## What to do
Write out the entire listing below exactly as it appears, minus any pictures.

## Dataset excerpt

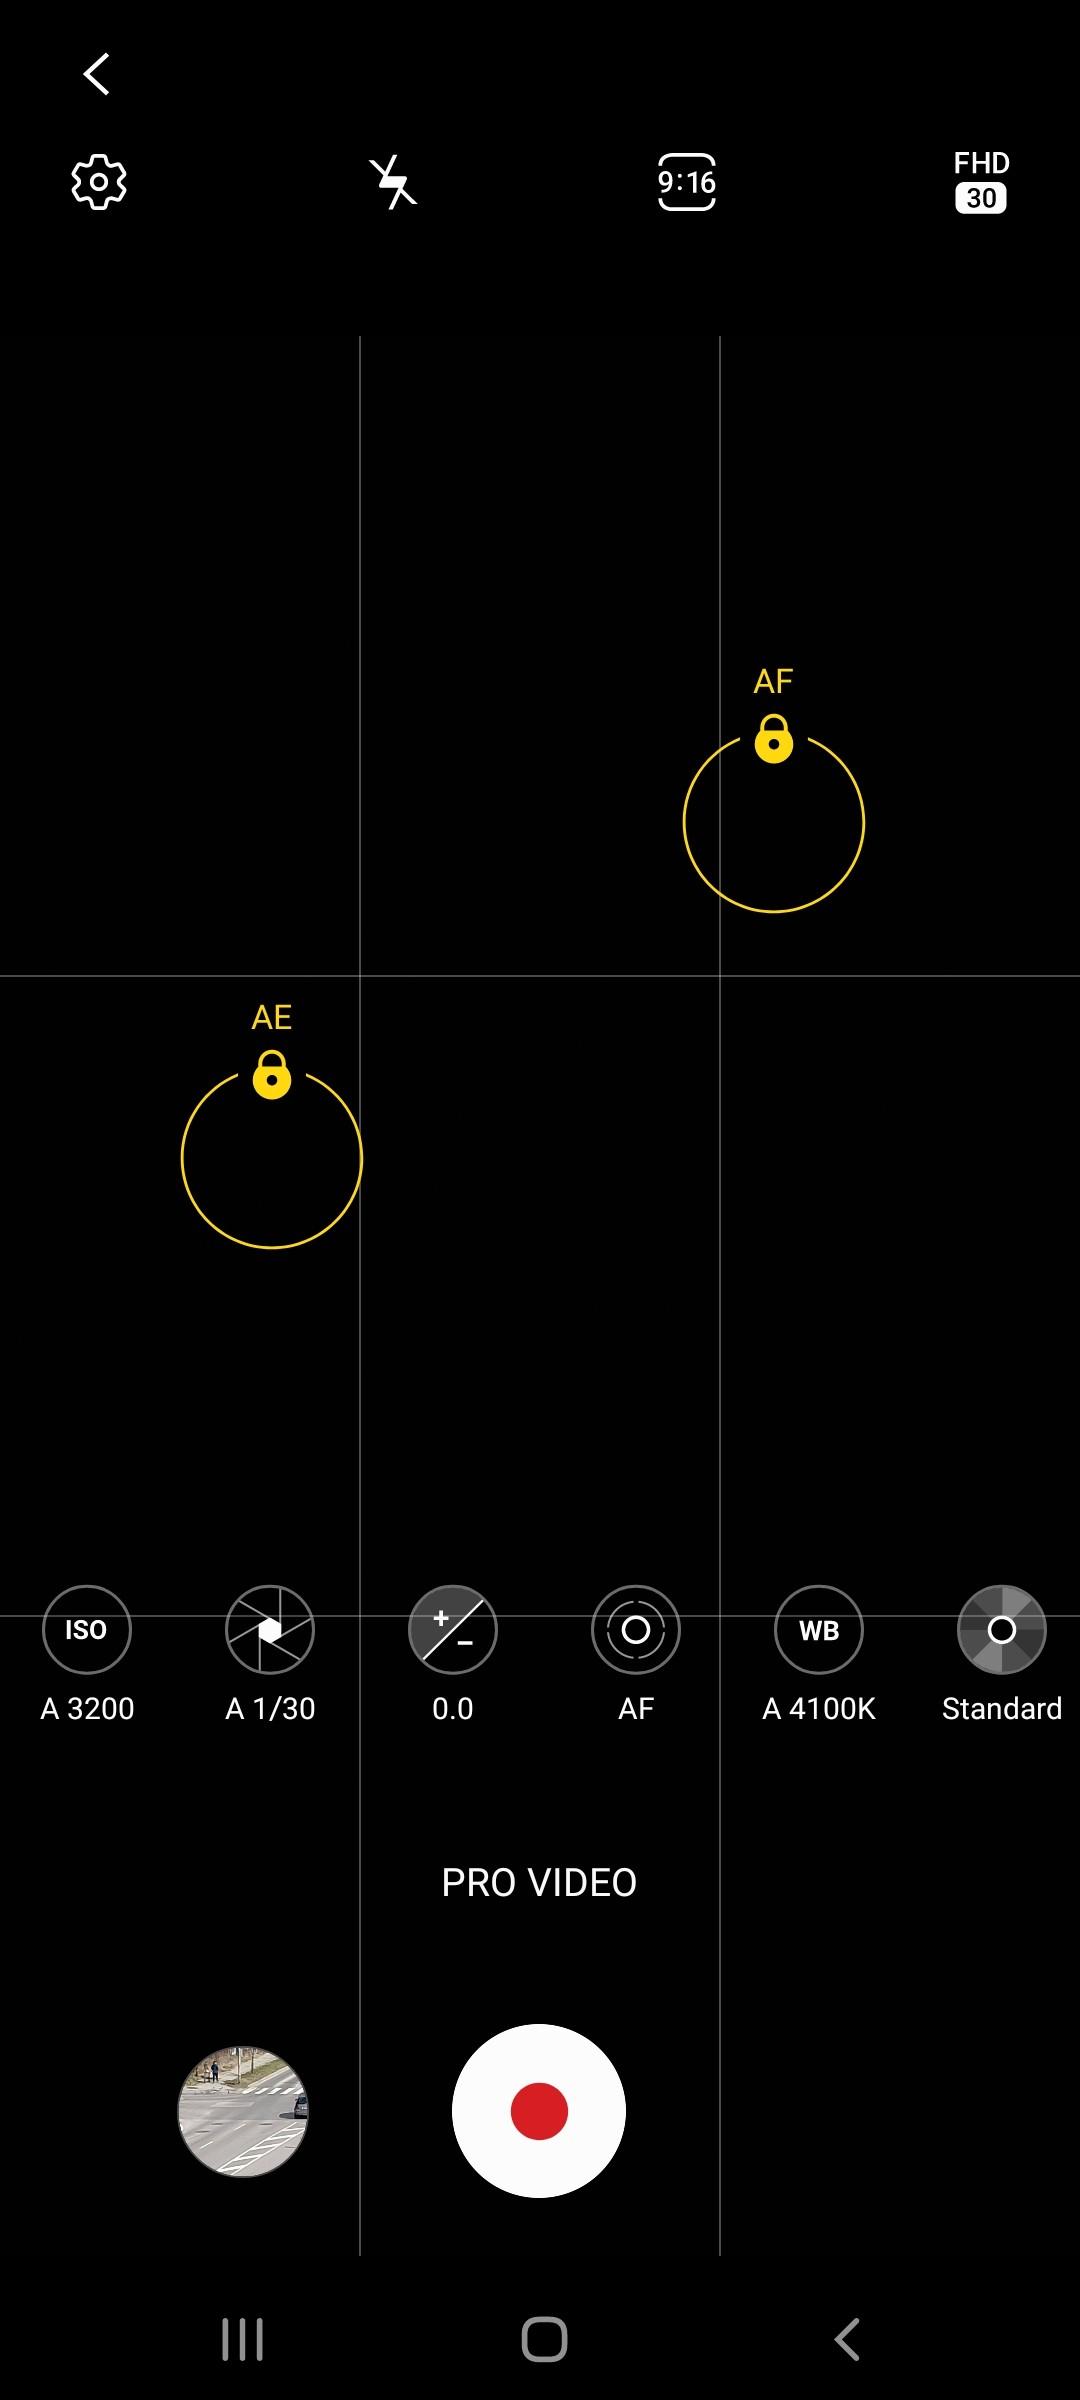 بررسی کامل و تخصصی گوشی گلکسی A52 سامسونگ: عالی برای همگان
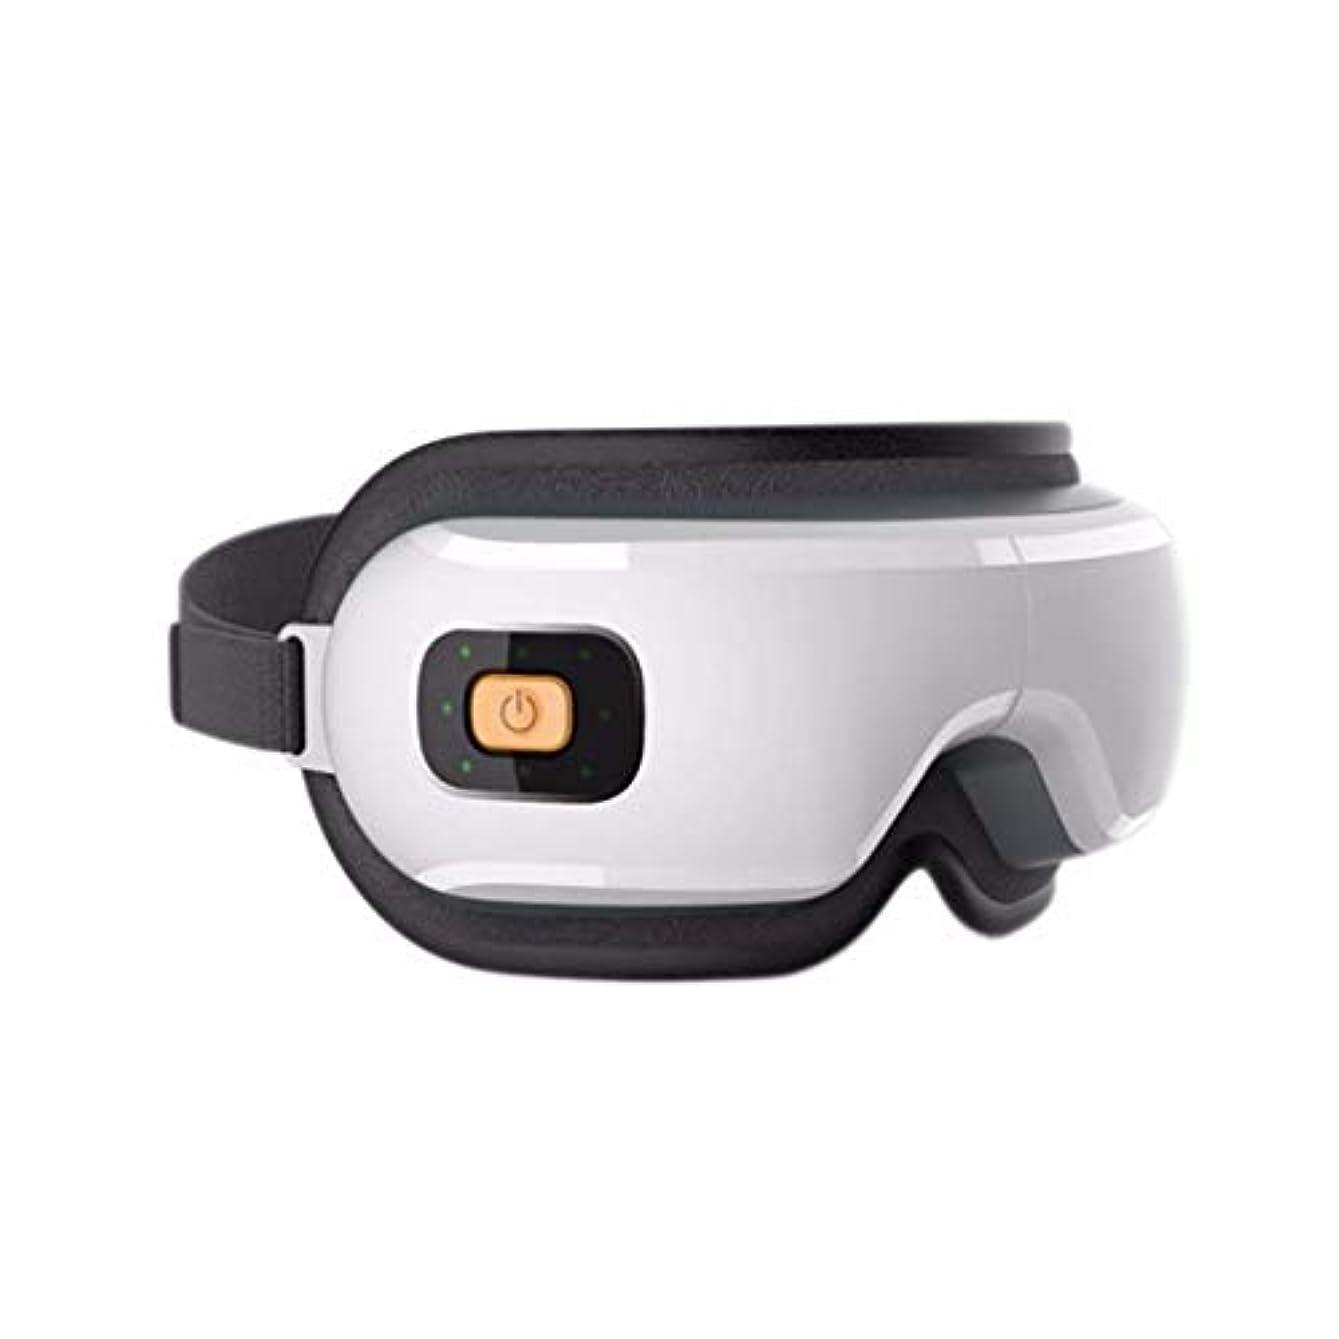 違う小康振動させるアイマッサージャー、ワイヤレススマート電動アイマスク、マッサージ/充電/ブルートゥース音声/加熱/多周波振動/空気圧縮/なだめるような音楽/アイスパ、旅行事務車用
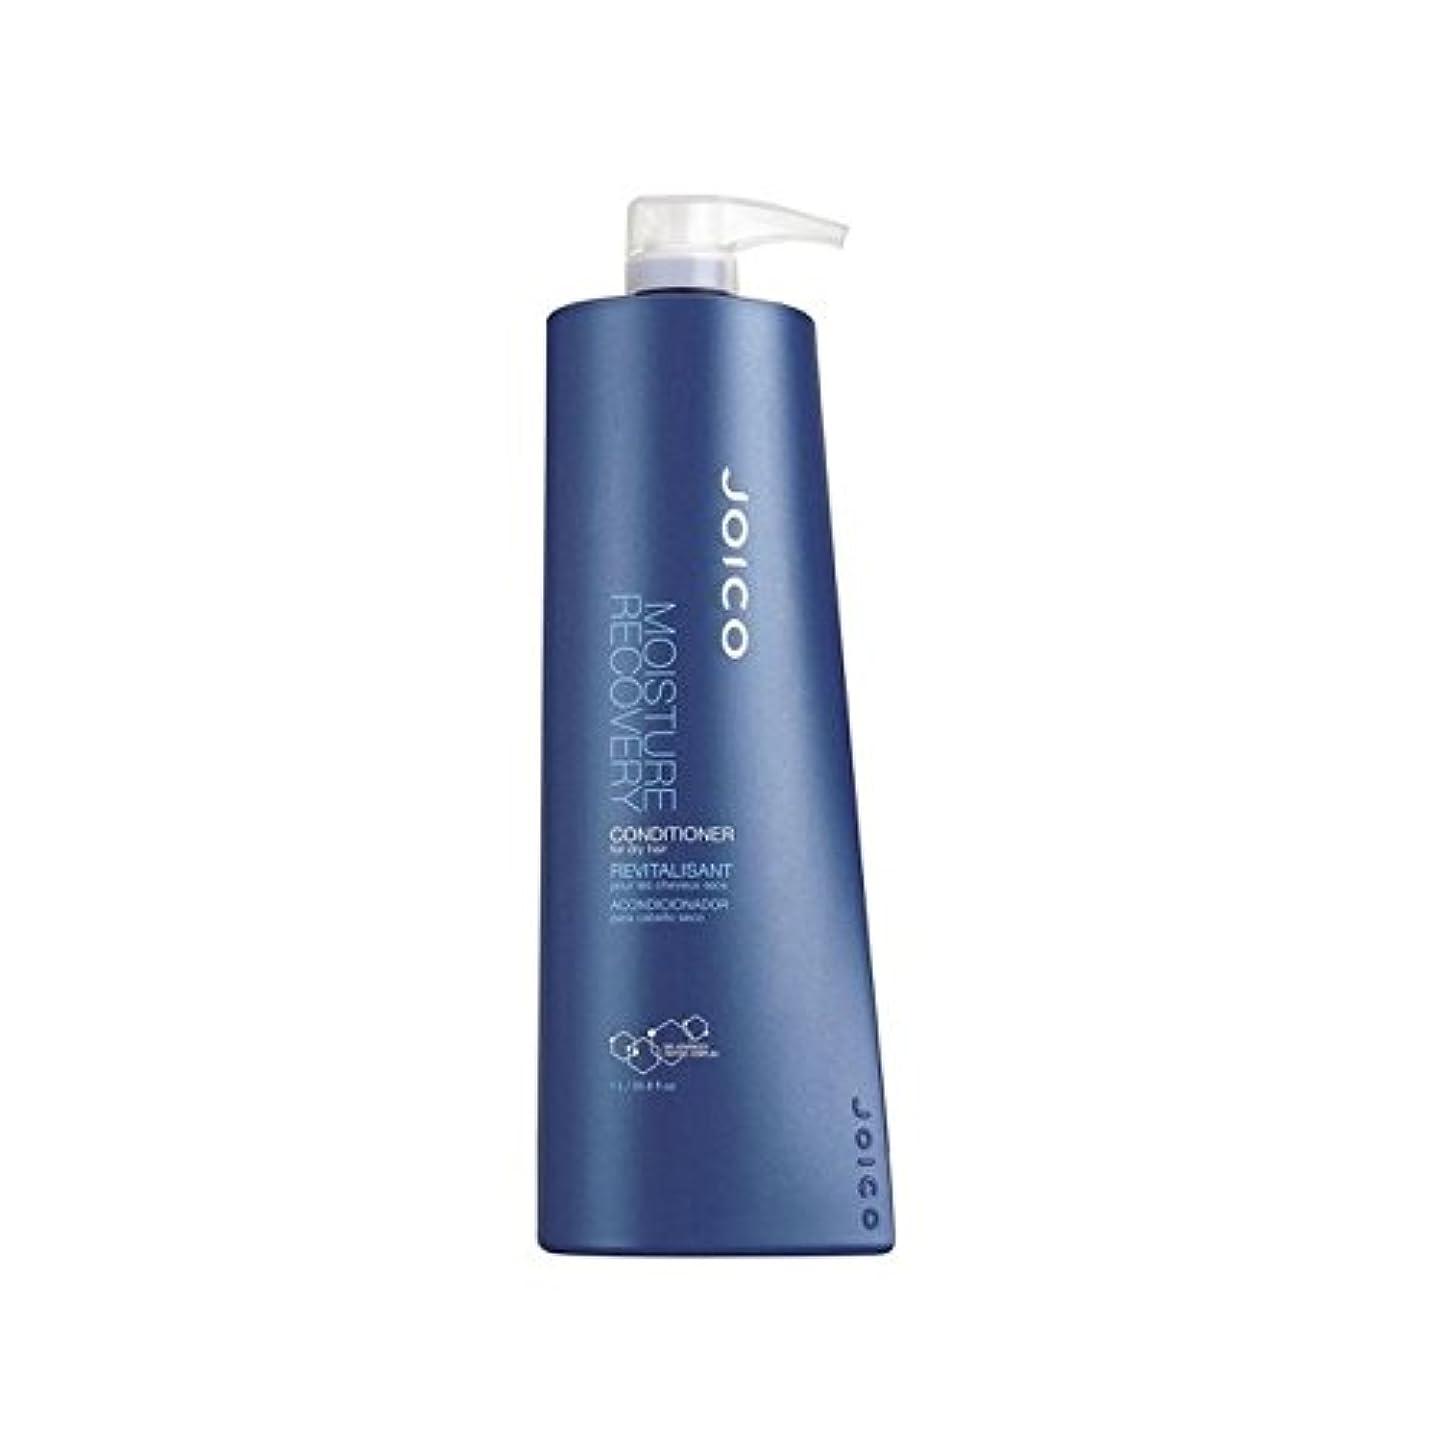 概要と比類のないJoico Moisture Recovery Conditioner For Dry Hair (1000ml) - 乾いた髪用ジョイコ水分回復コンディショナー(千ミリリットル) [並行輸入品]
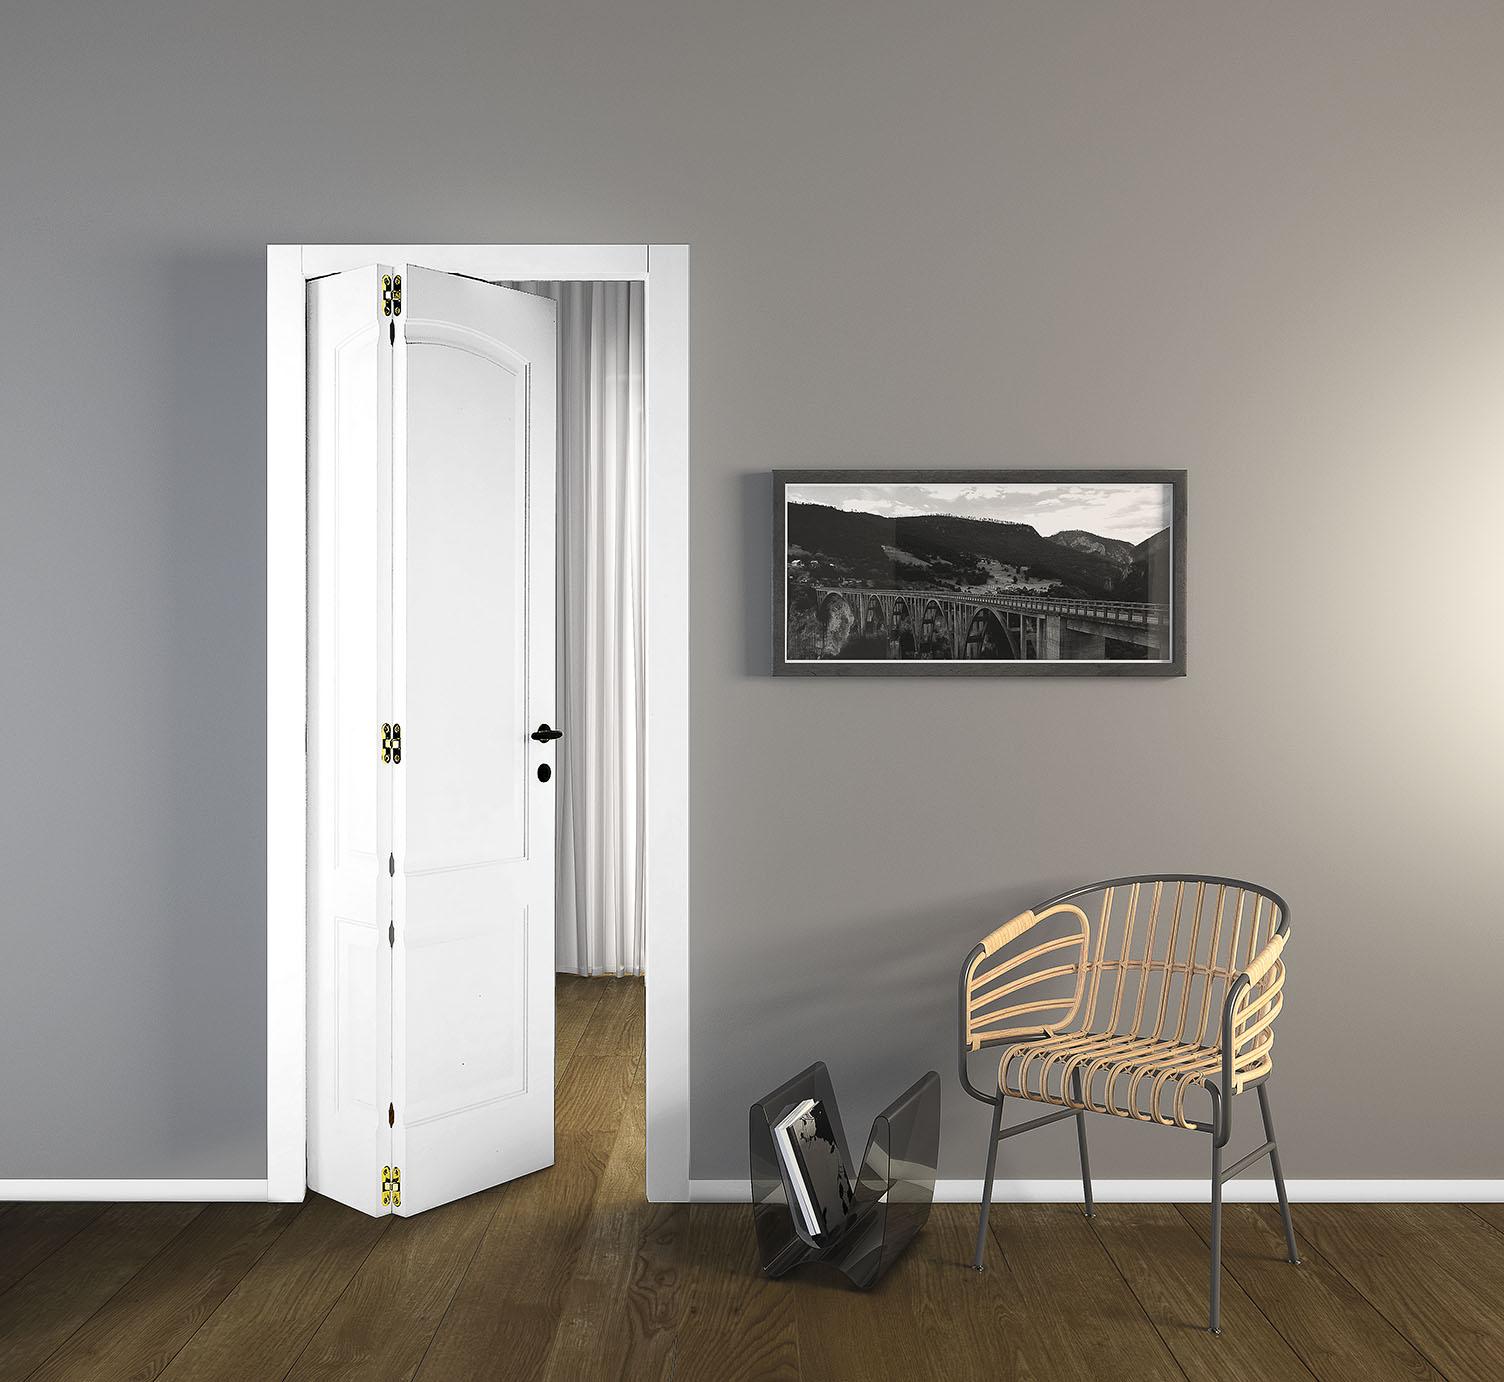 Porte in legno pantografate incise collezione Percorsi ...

## Response
 بررسی کامل و تخصصی گوشی گلکسی A52 سامسونگ: عالی برای همگان
 違う小康振動させるアイマッサージャー、ワイヤレススマート電動アイマスク、マッサージ/充電/ブルートゥース音声/加熱/多周波振動/空気圧縮/なだめるような音楽/アイスパ、旅行事務車用
 概要と比類のないJoico Moisture Recovery Conditioner For Dry Hair (1000ml) - 乾いた髪用ジョイコ水分回復コンディショナー(千ミリリットル) [並行輸入品]
 Porte in legno pantografate incise collezione Percorsi ...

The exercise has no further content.